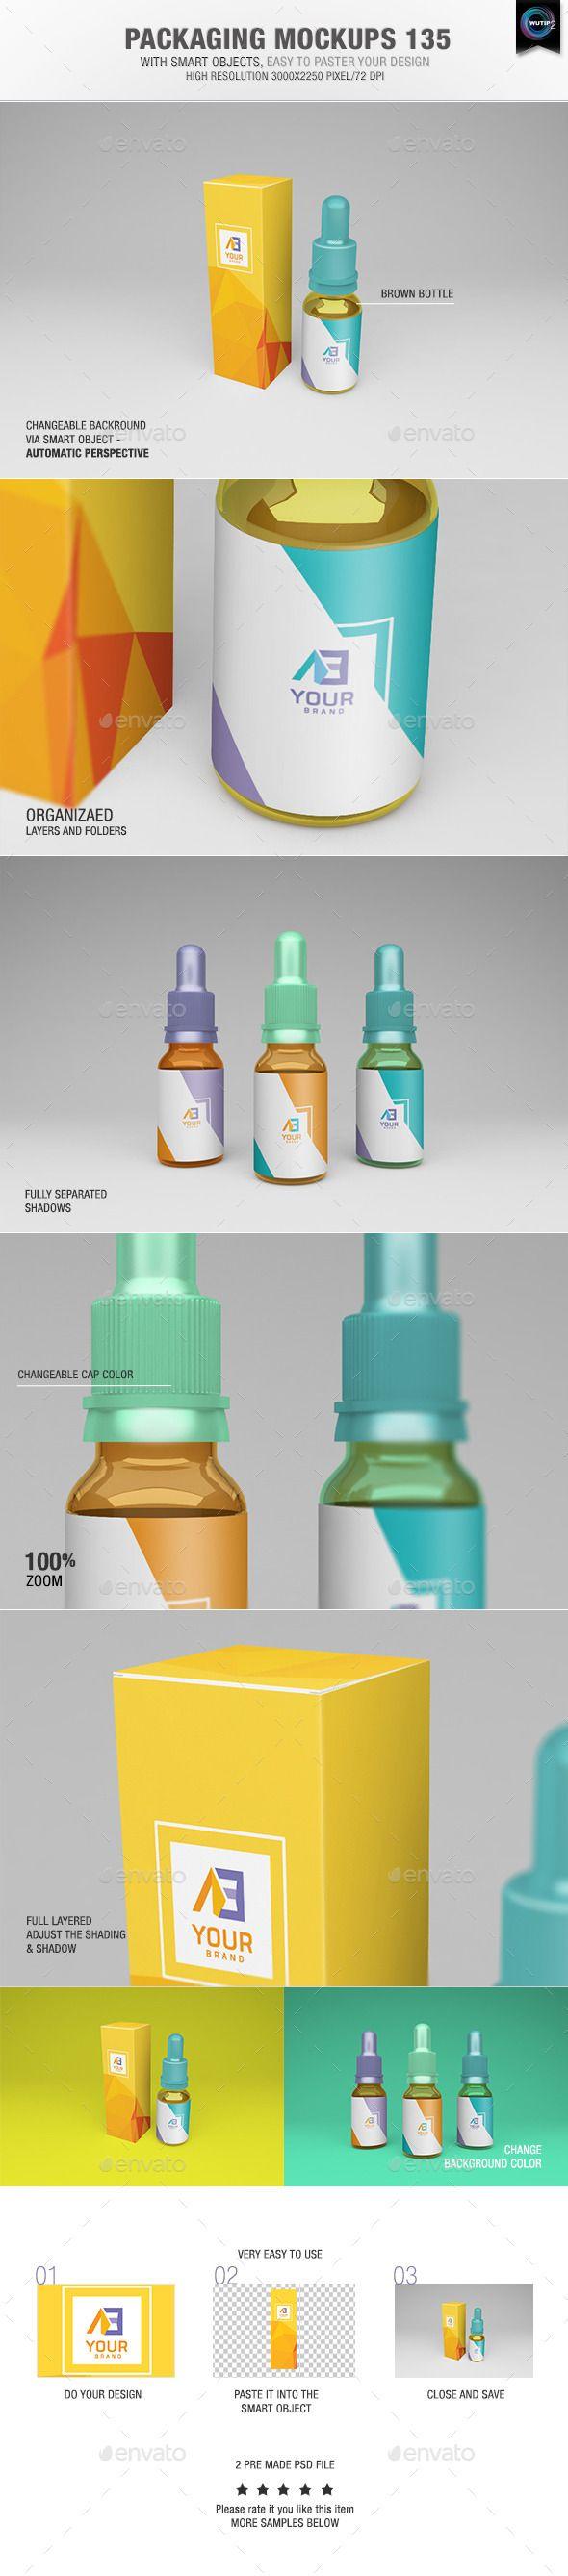 6 poster design photo mockups 57079 - Designing
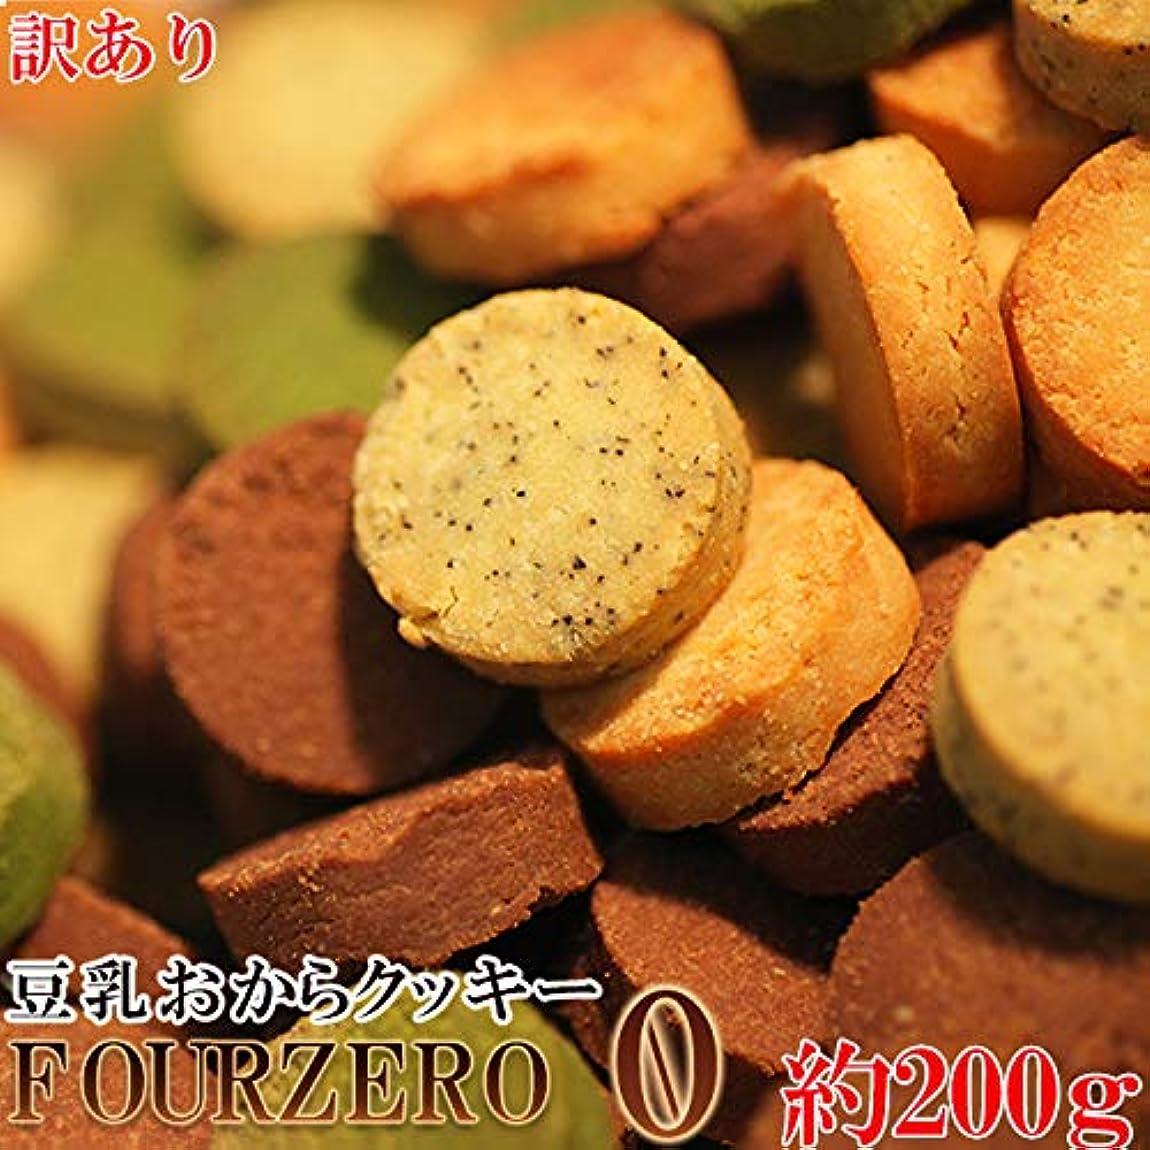 無震えるカエル天然生活 【ゆうパケット】人気のおからクッキーにお試しが登場!!【訳あり】豆乳おからクッキーFour Zero(4種)200g SM00010488
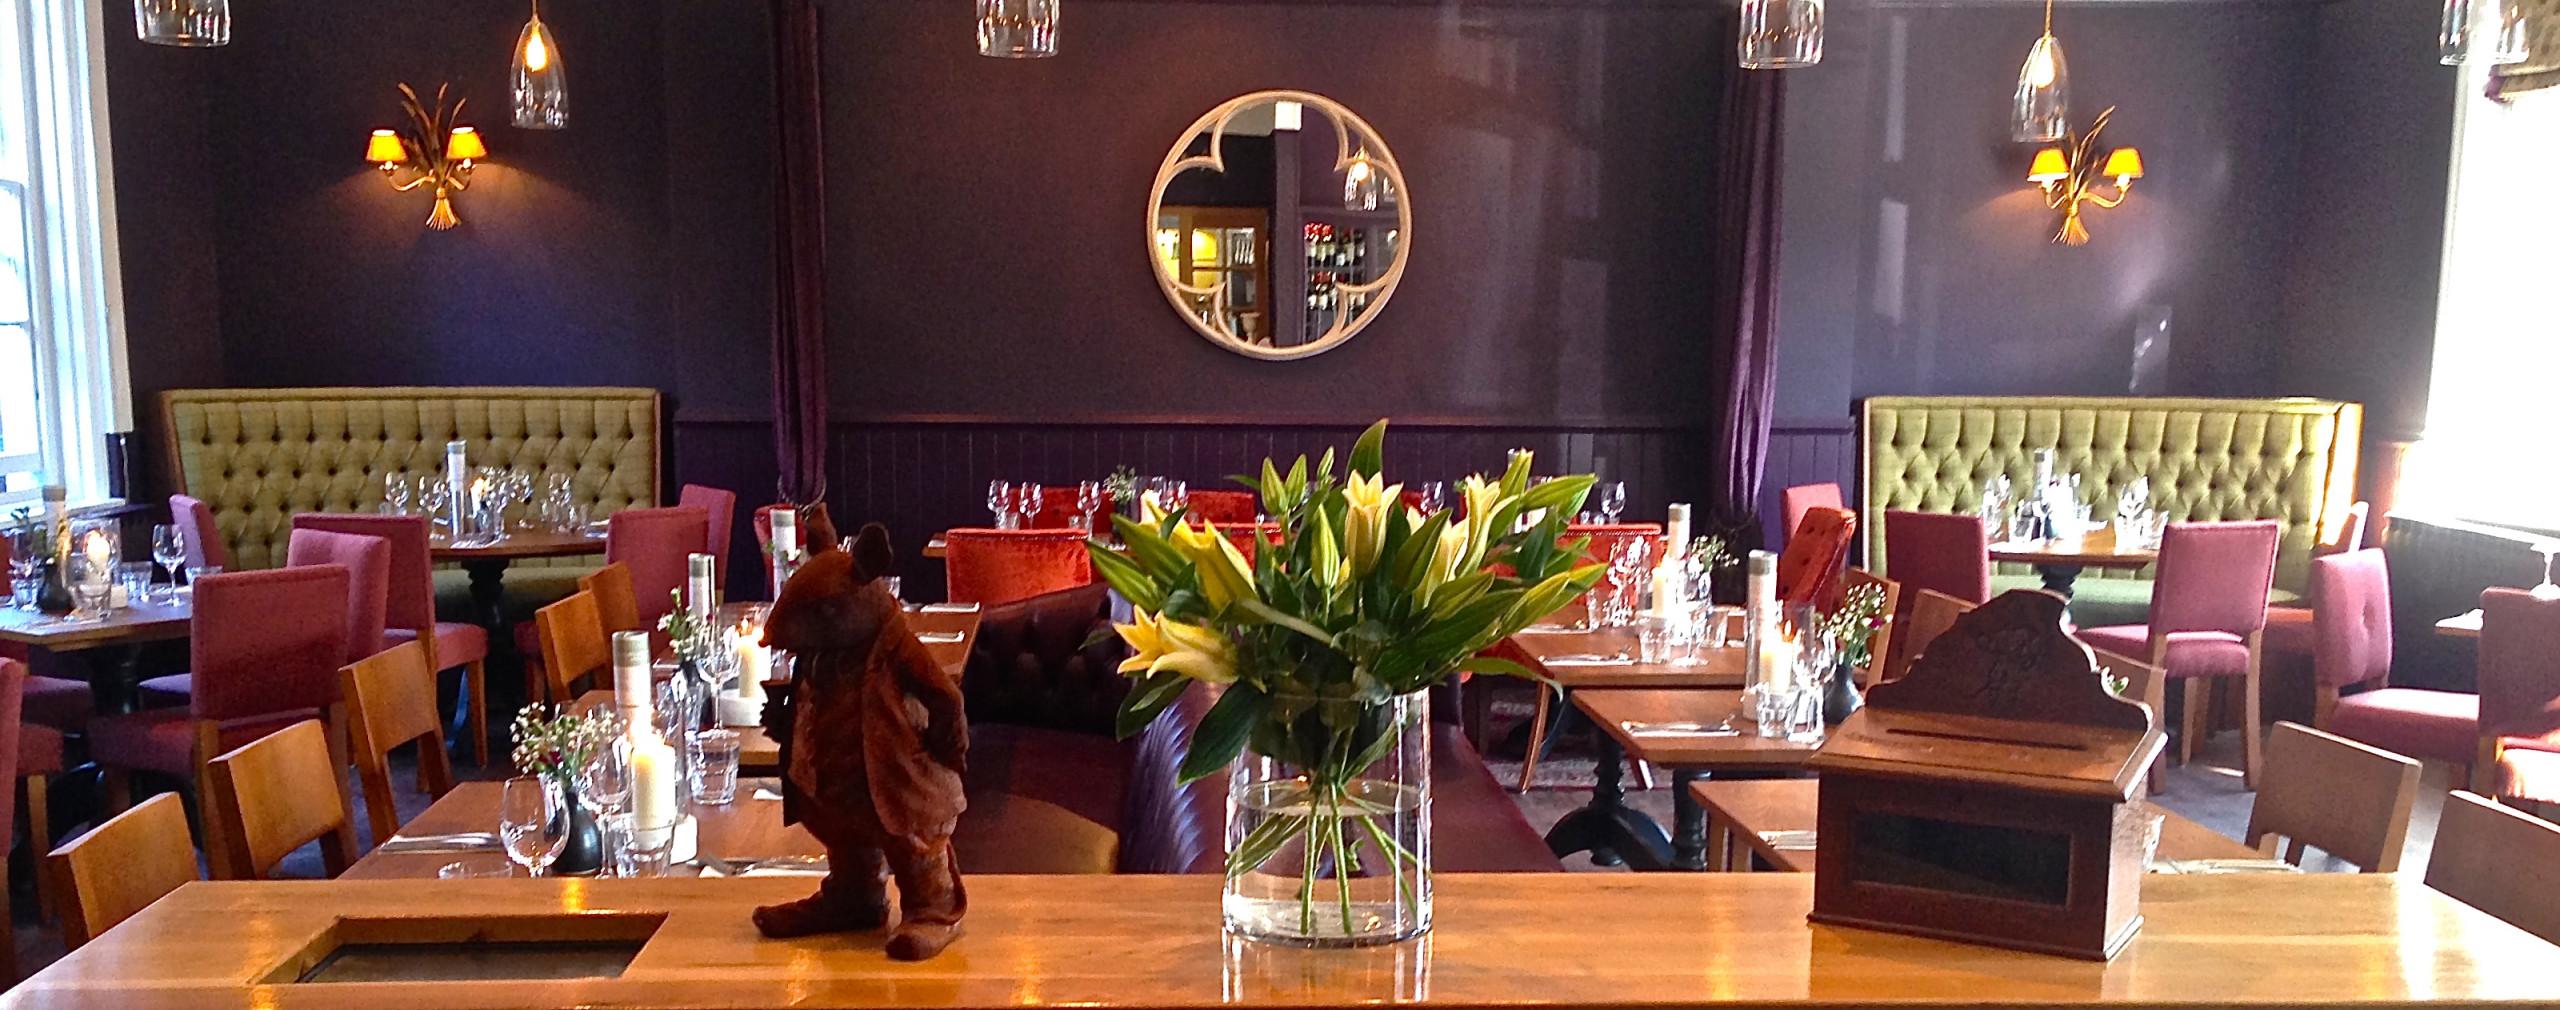 Surrey Gastropub Dining Room
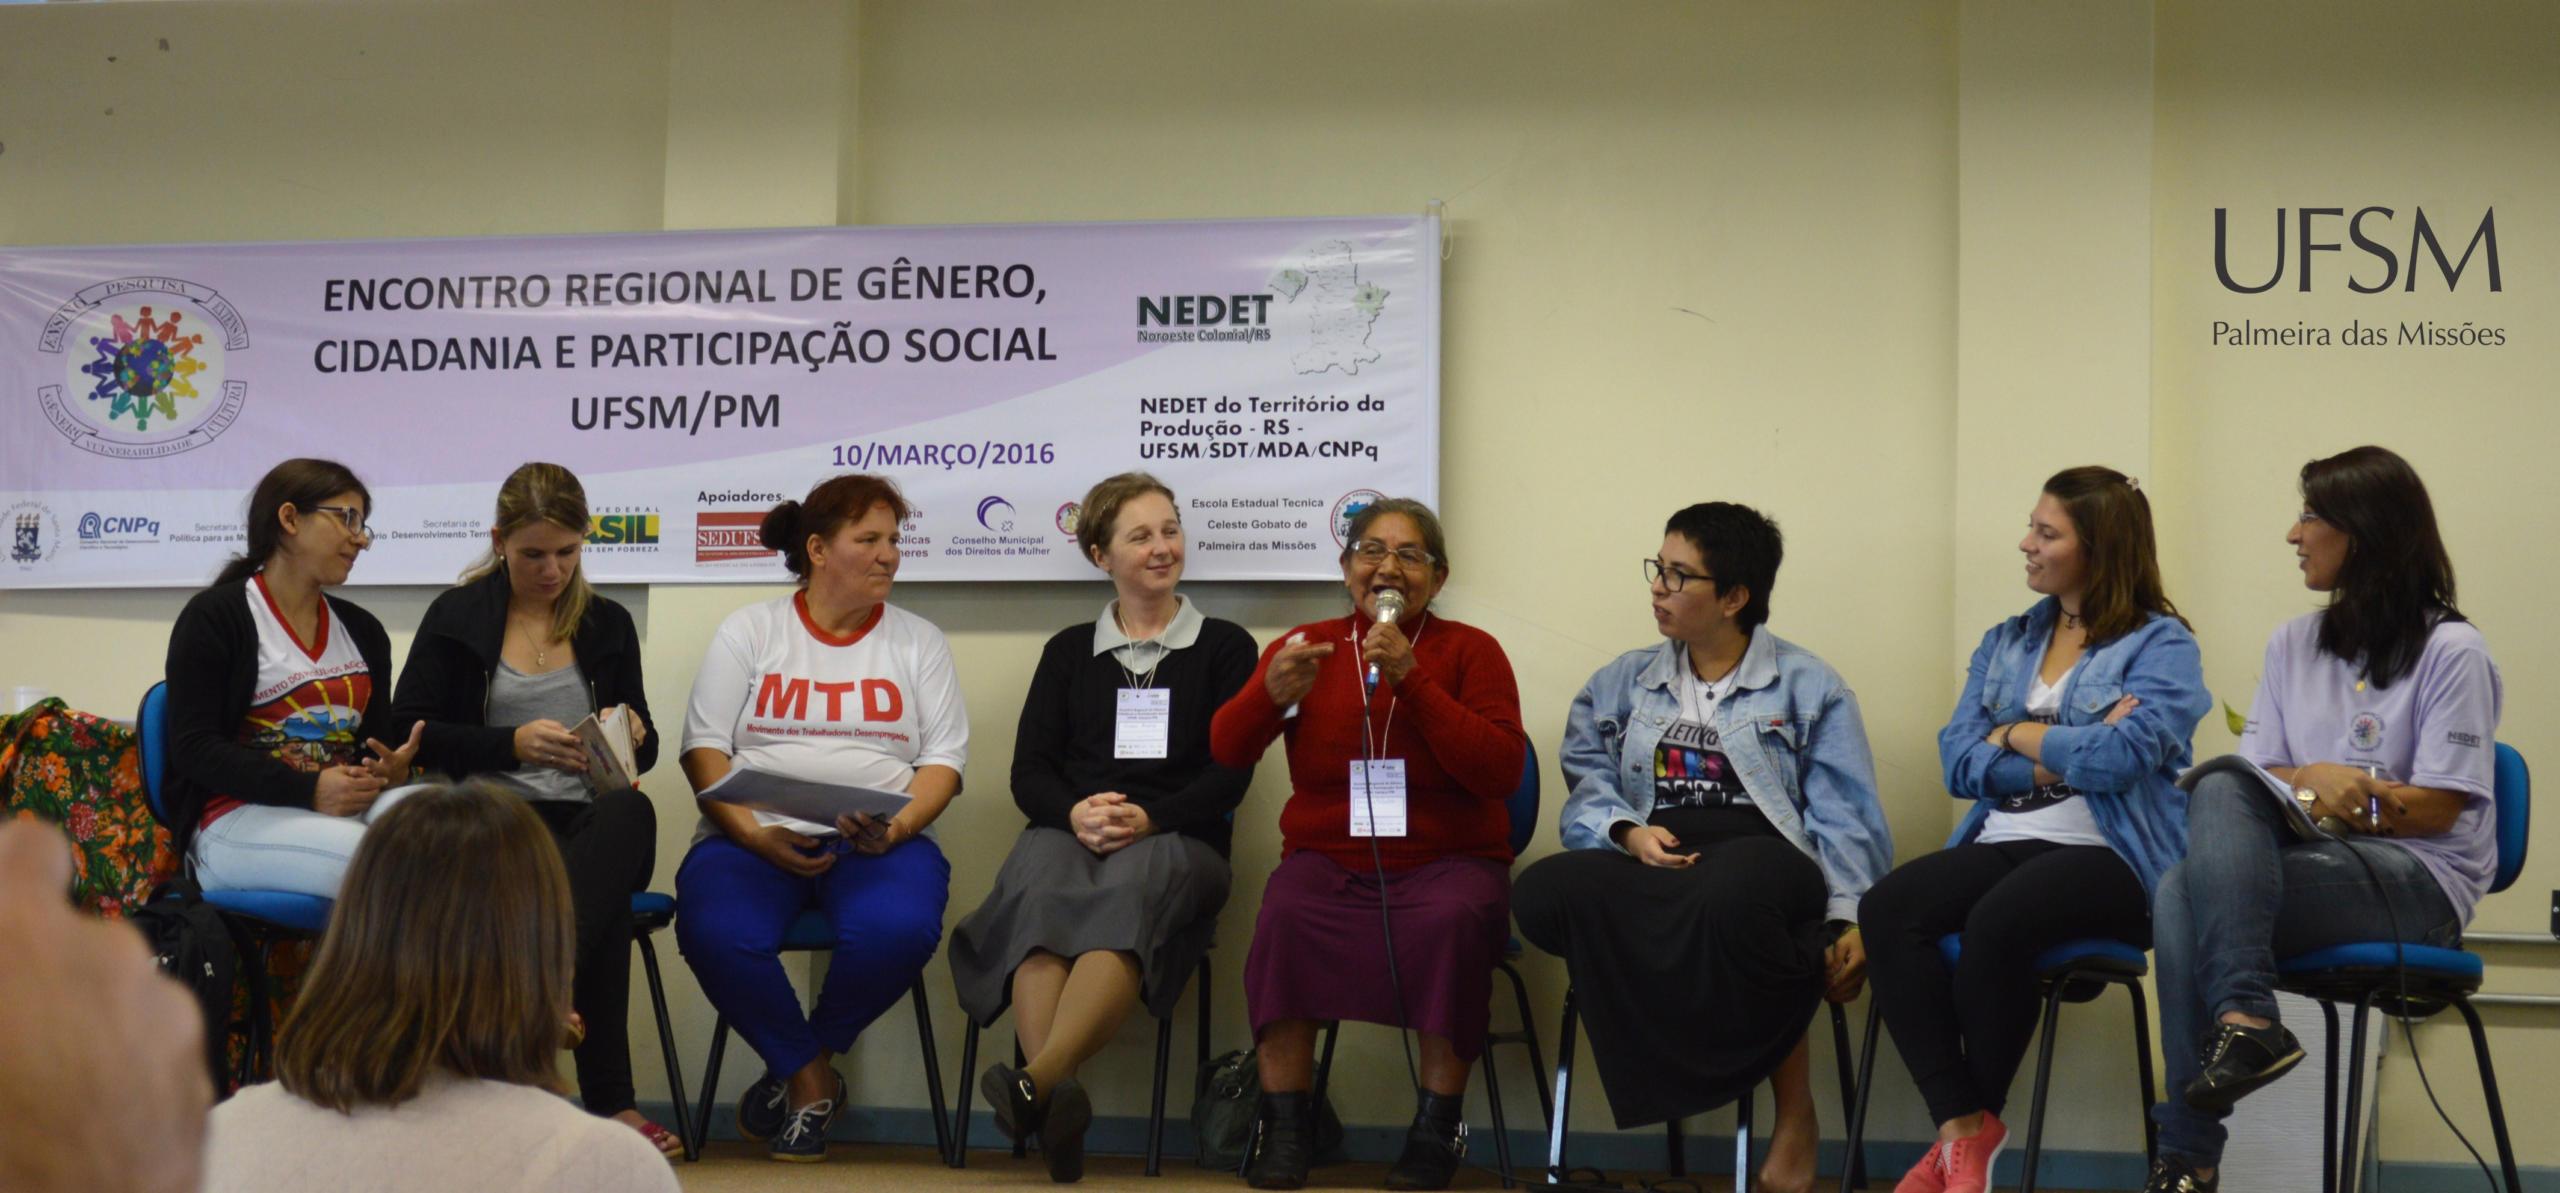 3 - Painel Mulheres em cirandas tecendo histórias nos movimentos sociais

━━━━━━━━━━━━━━━━━━━━━━━━━━━━━━

▶ _Assignment_
When you return the listing, keep it exact and omit any pictures it holds.

▶ _Response_
 6 poster design photo mockups 57079 - Designing
 無震えるカエル天然生活 【ゆうパケット】人気のおからクッキーにお試しが登場!!【訳あり】豆乳おからクッキーFour Zero(4種)200g SM00010488
 Surrey Gastropub Dining Room
 3 - Painel Mulheres em cirandas tecendo histórias nos movimentos sociais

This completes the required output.